Numa entrevista à Lusa, em Lisboa, Cyntia de Paula ressalvou que o problema do arrendamento da casa é “algo transversal neste momento em Portugal e também em outros países”, ou seja, abrange qualquer pessoa, mas realçou que, para os imigrantes, e, nomeadamente os brasileiros, tem outra dimensão.
Desde logo, porque a comunidade imigrante brasileira no país é a maior, contando com cerca de 400 mil pessoas, segundo dados oficiais, e continua a haver muitas pessoas recentemente chegadas em situação de vulnerabilidade no trabalho, referiu.
Mas, defendeu, não é só os salários baixos e emprego precário da maioria dos imigrantes brasileiros que dificulta o processo de arrendamento de casa de modo legal, é também porque há ainda “muito preconceitos e estereótipos” da parte dos proprietários de imóveis em relação a esta comunidade e, nomeadamente, relativamente à mulher brasileira, pois “ainda existe muito essa ideia de que vão utilizar a casa para fins de trabalho sexual”.

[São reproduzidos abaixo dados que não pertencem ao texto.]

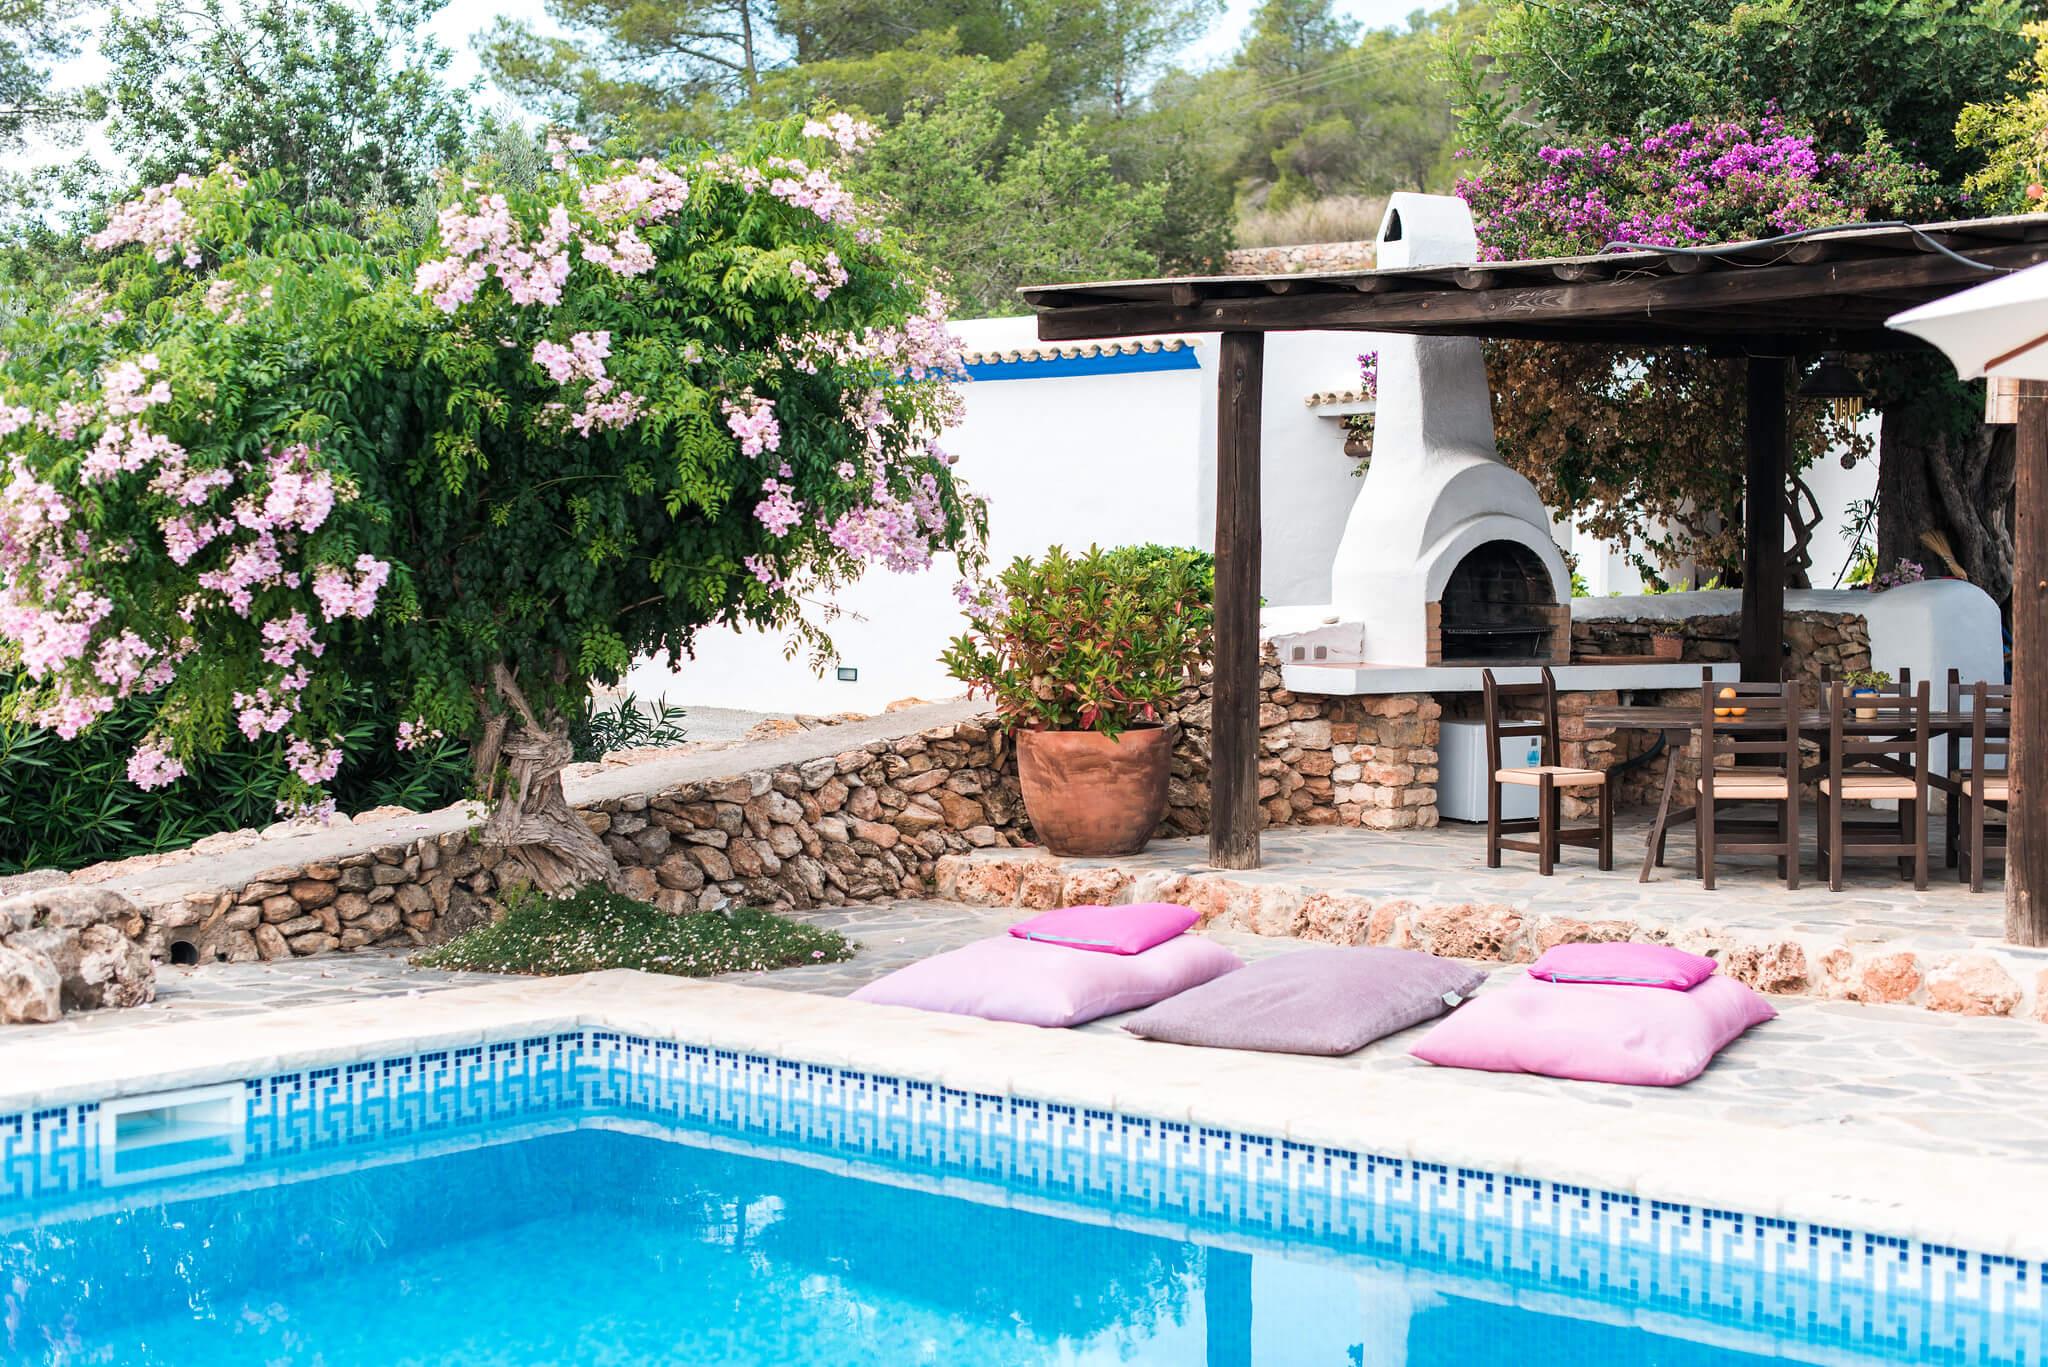 https://www.white-ibiza.com/wp-content/uploads/2020/05/white-ibiza-villas-canblay-corner-of-pool.jpg
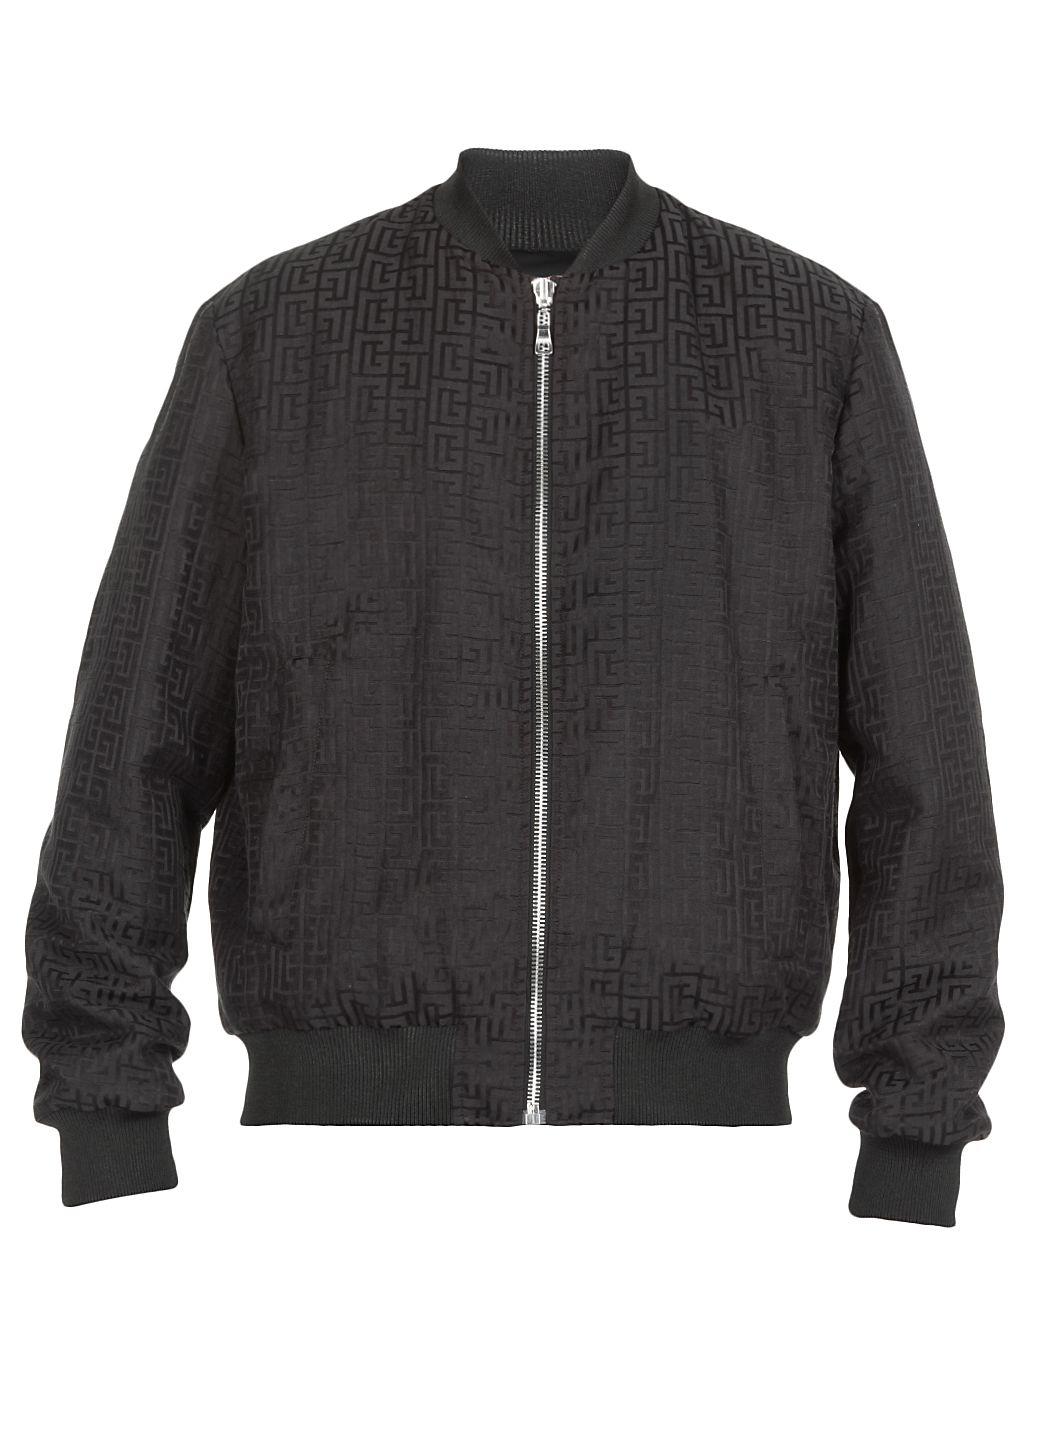 Jacket with monogram

“Isso ainda existe. Infelizmente não ficou nos anos 90 ou anos 2000, existe hoje ainda em Portugal”, disse, exemplificando com os relatos frequentes de pessoas a dizerem que o proprietário do imóvel recusa alugar a casa ao ouvir do outro lado da linha telefónica uma voz feminina com sotaque brasileiro.
“Claro, está difícil para todas as pessoas” arrendar casa em Portugal, mas a situação é bem pior para pessoas imigrantes, sobretudo de uma determinada nacionalidade, frisou.
Muitos dos proprietários pedem um número de cauções muito maior ou então respondem que a casa já está alugada quando ouvem uma voz de um brasileiro ou brasileira do outro lado da linha, referiu a presidente da Casa do Brasil.
“Não é só do Brasil, mas olhando aqui para o Brasil, que é do que estamos a falar hoje, é solicitado um número maior”, afirmou a presidente de uma das maiores instituições de apoio aos imigrantes brasileiros em Portugal, que já conta com 30 anos de existência.
“Nós já tivemos casos na Casa do Brasil de pessoas que tiveram que fazer um empréstimo bancário para pagar as rendas antecipadas, para que a pessoa conseguisse ter acesso a uma casa”, disse, referindo que num caso “eram pedidas 12 rendas antecipadas”.
Além disto, “as pessoas recém-chegadas, muitas vezes, ao tentarem ter acesso ao arrendamento, enfrentam dificuldades, porque ainda não têm o IRS”, frequentemente solicitado pelos senhorios, acrescentou.
Segundo Cyntia de Paulo, há também um aproveitamento das situações de vulnerabilidade dos imigrantes, fazendo-se arrendamentos sem contrato e em condições que não são dignas.
A maioria dos recém-chegados, disse, “vão para quartos, (…) porque as exigências acabam por ser menores”, havendo “situações de famílias inteiras que estão a viver em quartos” e “sem contratos, na maioria das vezes”.
“Muitas vezes, quando essas pessoas saem dos quartos, não recebem de volta a caução ou as rendas antecipadas, sofrendo até por vezes assédio por parte do senhorio nessa devolução”, como, por exemplo, ameaça de denúncia ao Serviço de Estrangeiros e Fronteiras, disse.
Segundo a responsável da Casa do Brasil, o desconhecimento do imigrante relativamente aos seus direitos em Portugal também é “muitas vezes utilizado (…) para não fazer o contrato de arrendamento”.
É frequente os imigrantes chegarem à Casa do Brasil a pedir apoio para conseguirem um emprego melhor e com contrato, porque têm “uma dificuldade enorme para conseguir pagar a renda, que está muito alta”.
“E aqui despoleta nessas situações que nós temos assistido de pessoas que têm de viver na rua”, salientou.
Por outro lado, começam a aparecer pessoas que procuram a instituição a pedir informações sobre o regresso voluntário, “porque não conseguem pagar as habitações por conta dos baixos salários que têm”, observou.
Por tudo isto, admitiu a presidente da Casa do Brasil, “a solução que as pessoas muitas vezes encontram para um problema de acesso à habitação, é habitarem de forma coletiva” e, no seu entender, isto “tem que ser encarado como um problema a ser resolvido ao nível das políticas públicas”.
Essa situação, disse, também é aproveitada por “muitos senhorios” que alugam “vagas em apartamentos”, ou seja, camas em quartos, “a 350 euros, (…) para as pessoas migrantes dormirem quatro ou cinco dentro de um quarto”.
“Nós não temos muitos relatos de pessoas a viver nessa situação. Outras comunidades vivenciam mais, mas já nos chegam [casos]”, concluiu, acrescentando que os imigrantes também enfrentam dificuldades no acesso ao crédito para a compra de casa.